#### [WHAT YOU ARE ASKED TO DO]
Your task is to output the listing word for word, with pictures excluded.

#### [DATA]
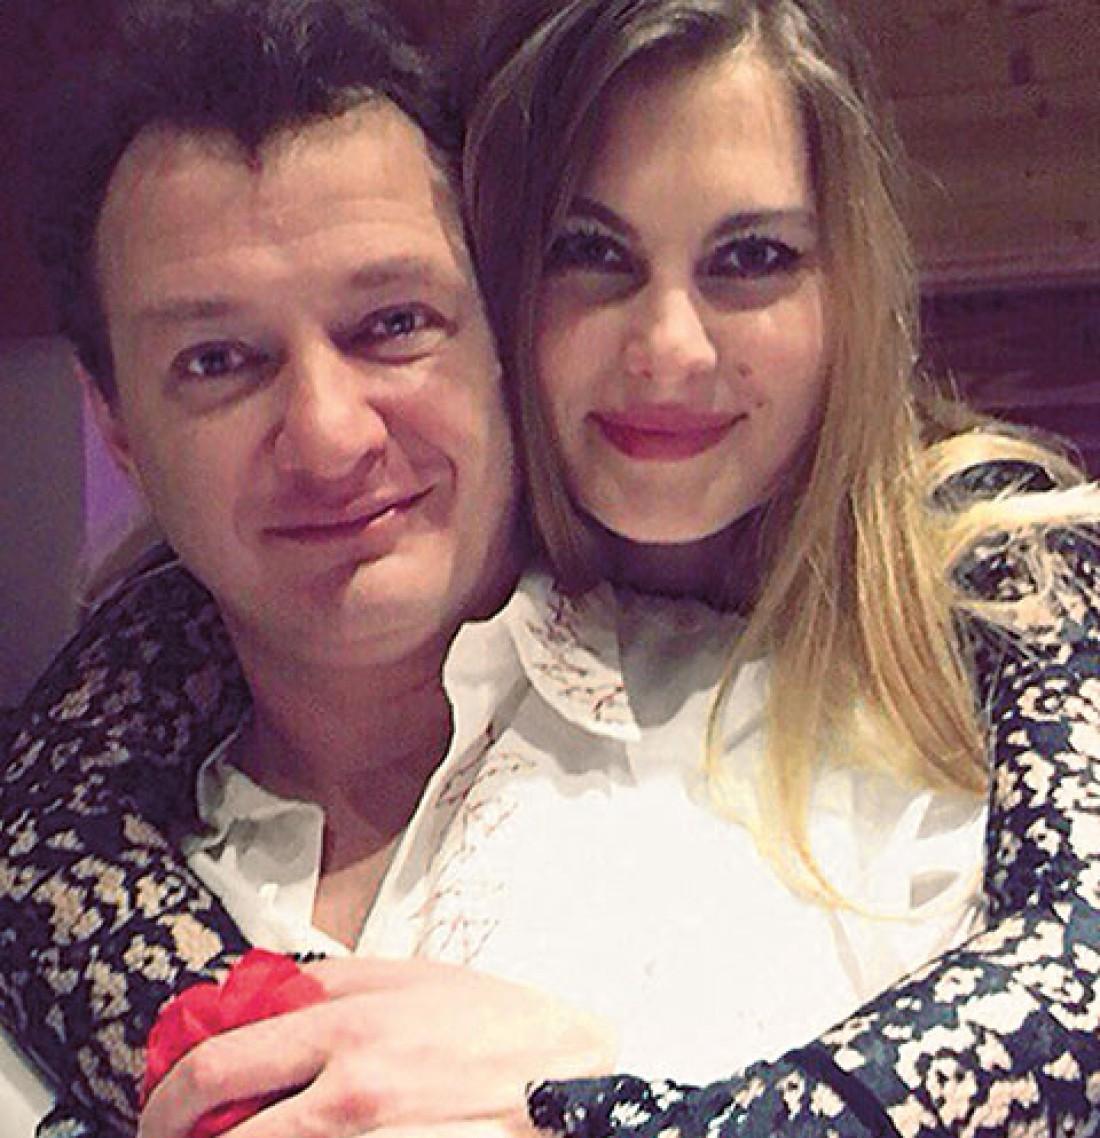 Актер Марат Башаров и Елизавета Шевыркова скоро станут родителями
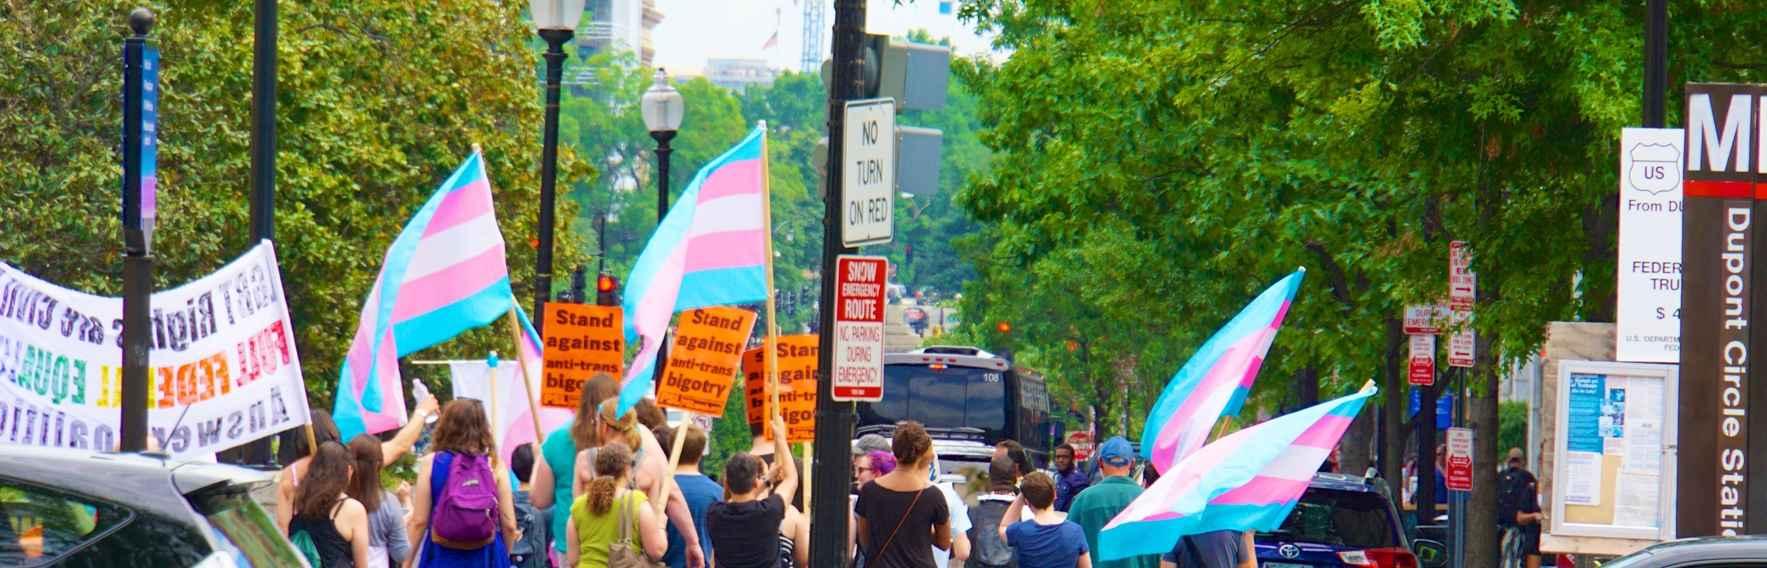 Transgender Advocacy Awards 2019 Sponsors image
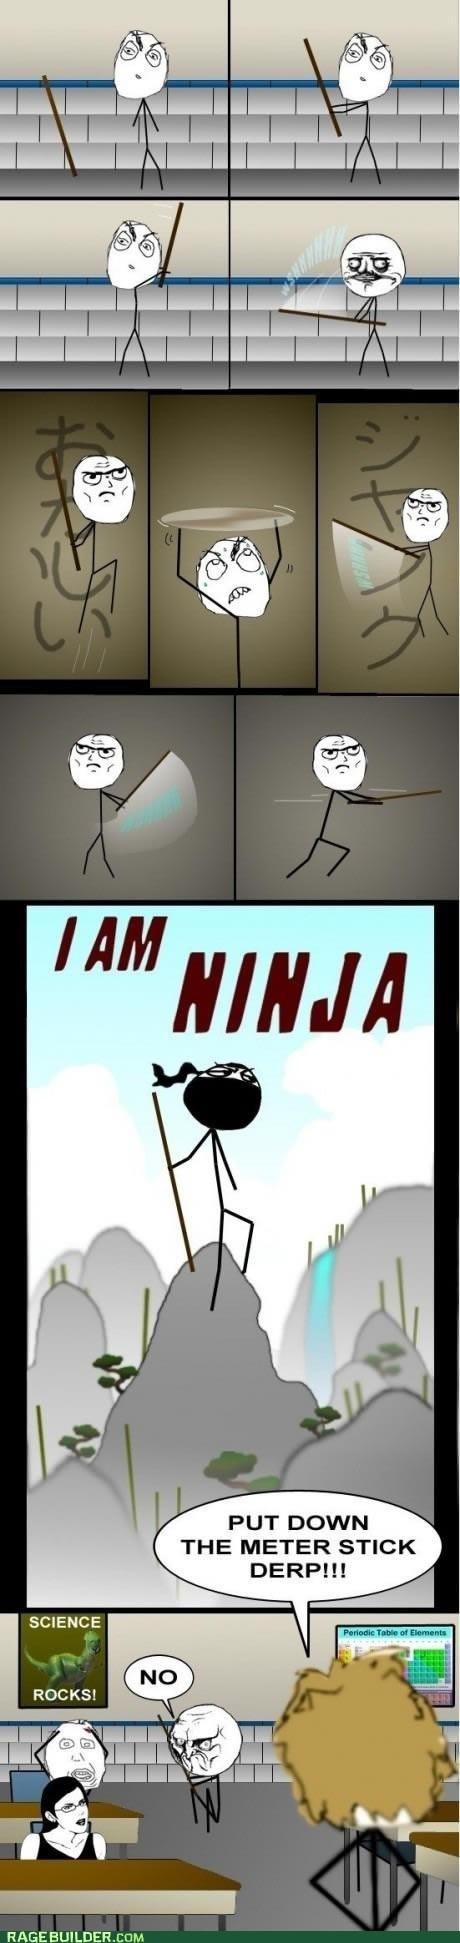 samurai,school,me gusta,ninjas,nunchuks,funny,truancy story,yardsticks
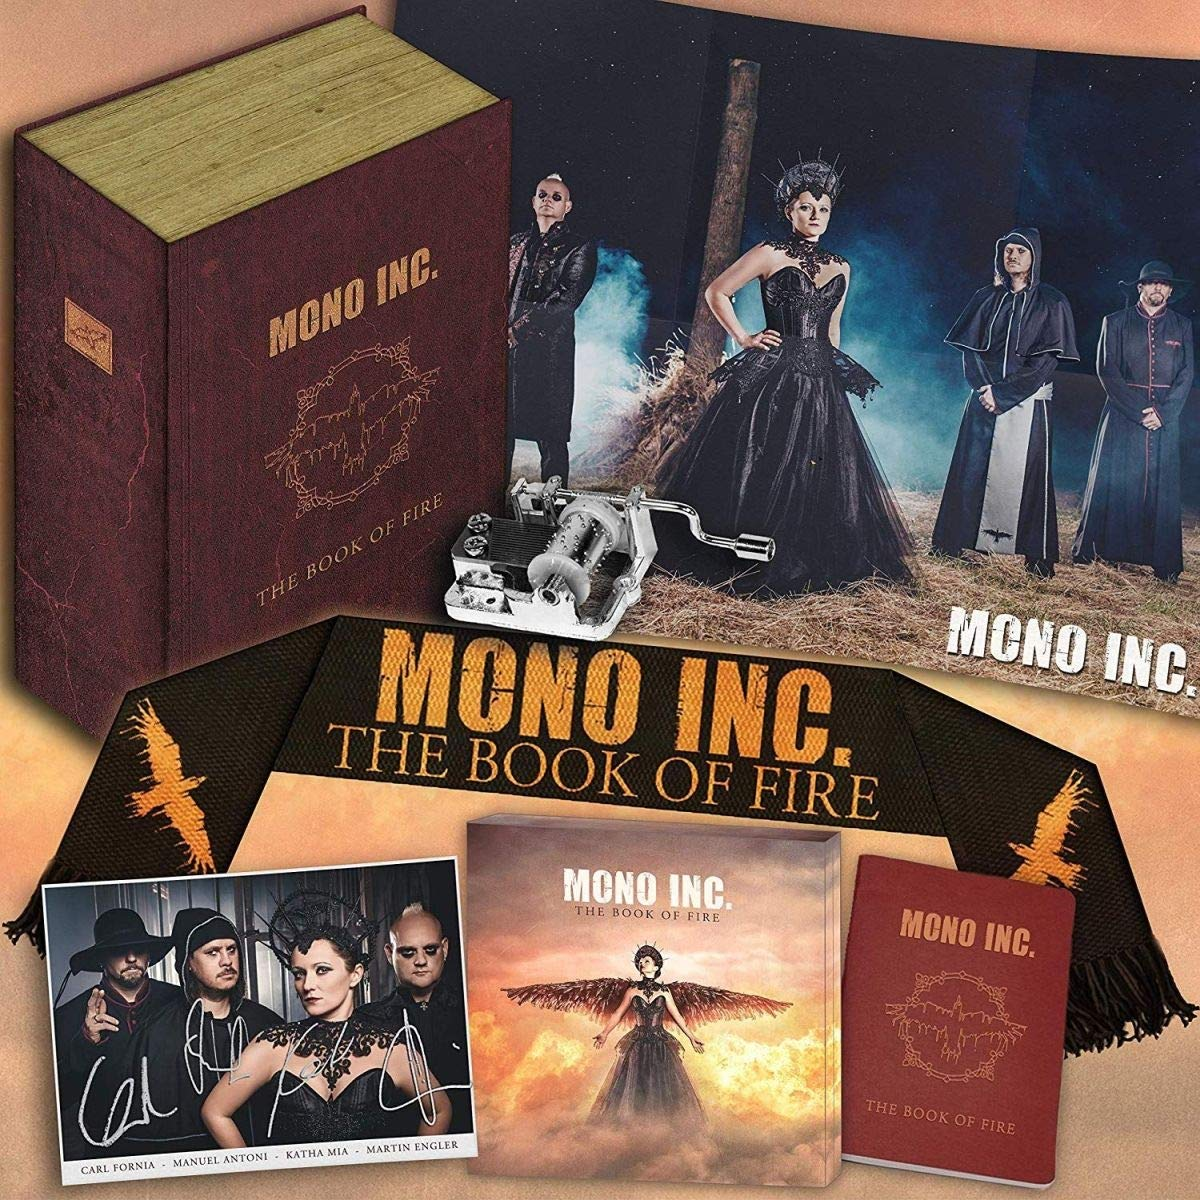 Mono Inc - Mono Inc. - The Book of Fire

#### [RESPONSE FOR THIS EXERCISE]
 Актер Марат Башаров и Елизавета Шевыркова скоро станут родителями
 Transgender Advocacy Awards 2019 Sponsors image
 samurai,school,me gusta,ninjas,nunchuks,funny,truancy story,yardsticks
 Mono Inc - Mono Inc. - The Book of Fire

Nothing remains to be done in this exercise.